What do the lines from the top of the data through the line with "当下的科技产品对老年人有哪些不友好之处?" say? Quote them exactly and include both ends.

===== DATA TO EXAMINE =====

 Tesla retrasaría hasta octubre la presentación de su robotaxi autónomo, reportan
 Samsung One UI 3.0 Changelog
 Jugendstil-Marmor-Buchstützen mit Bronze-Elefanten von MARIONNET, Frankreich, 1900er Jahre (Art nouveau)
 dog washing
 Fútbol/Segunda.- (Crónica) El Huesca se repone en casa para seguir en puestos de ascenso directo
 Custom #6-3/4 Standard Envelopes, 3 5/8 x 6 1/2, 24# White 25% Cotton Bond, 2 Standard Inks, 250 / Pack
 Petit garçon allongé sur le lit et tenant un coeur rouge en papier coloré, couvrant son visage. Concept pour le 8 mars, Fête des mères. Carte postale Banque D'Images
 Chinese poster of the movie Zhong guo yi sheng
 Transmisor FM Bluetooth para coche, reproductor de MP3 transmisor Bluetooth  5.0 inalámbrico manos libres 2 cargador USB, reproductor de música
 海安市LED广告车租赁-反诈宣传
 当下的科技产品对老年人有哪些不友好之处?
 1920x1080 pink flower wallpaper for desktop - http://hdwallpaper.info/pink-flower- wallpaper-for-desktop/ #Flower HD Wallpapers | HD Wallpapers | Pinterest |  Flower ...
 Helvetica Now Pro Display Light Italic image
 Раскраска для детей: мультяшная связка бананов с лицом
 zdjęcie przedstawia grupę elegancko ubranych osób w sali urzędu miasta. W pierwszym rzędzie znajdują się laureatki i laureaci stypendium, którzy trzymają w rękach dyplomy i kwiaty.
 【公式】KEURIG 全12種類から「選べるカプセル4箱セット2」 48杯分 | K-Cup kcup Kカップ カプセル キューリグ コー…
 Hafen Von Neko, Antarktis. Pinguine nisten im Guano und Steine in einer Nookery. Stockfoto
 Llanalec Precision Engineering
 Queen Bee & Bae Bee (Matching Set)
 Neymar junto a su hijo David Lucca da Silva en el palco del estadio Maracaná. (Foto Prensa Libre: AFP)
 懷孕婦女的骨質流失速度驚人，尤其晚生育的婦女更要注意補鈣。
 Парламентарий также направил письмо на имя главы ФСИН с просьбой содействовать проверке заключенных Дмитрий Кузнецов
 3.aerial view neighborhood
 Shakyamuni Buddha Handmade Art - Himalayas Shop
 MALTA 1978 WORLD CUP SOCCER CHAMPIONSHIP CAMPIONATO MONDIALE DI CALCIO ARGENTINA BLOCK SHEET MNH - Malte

=====

→ **COMPLETED EXERCISE**:
 Tesla retrasaría hasta octubre la presentación de su robotaxi autónomo, reportan
 Samsung One UI 3.0 Changelog
 Jugendstil-Marmor-Buchstützen mit Bronze-Elefanten von MARIONNET, Frankreich, 1900er Jahre (Art nouveau)
 dog washing
 Fútbol/Segunda.- (Crónica) El Huesca se repone en casa para seguir en puestos de ascenso directo
 Custom #6-3/4 Standard Envelopes, 3 5/8 x 6 1/2, 24# White 25% Cotton Bond, 2 Standard Inks, 250 / Pack
 Petit garçon allongé sur le lit et tenant un coeur rouge en papier coloré, couvrant son visage. Concept pour le 8 mars, Fête des mères. Carte postale Banque D'Images
 Chinese poster of the movie Zhong guo yi sheng
 Transmisor FM Bluetooth para coche, reproductor de MP3 transmisor Bluetooth  5.0 inalámbrico manos libres 2 cargador USB, reproductor de música
 海安市LED广告车租赁-反诈宣传
 当下的科技产品对老年人有哪些不友好之处?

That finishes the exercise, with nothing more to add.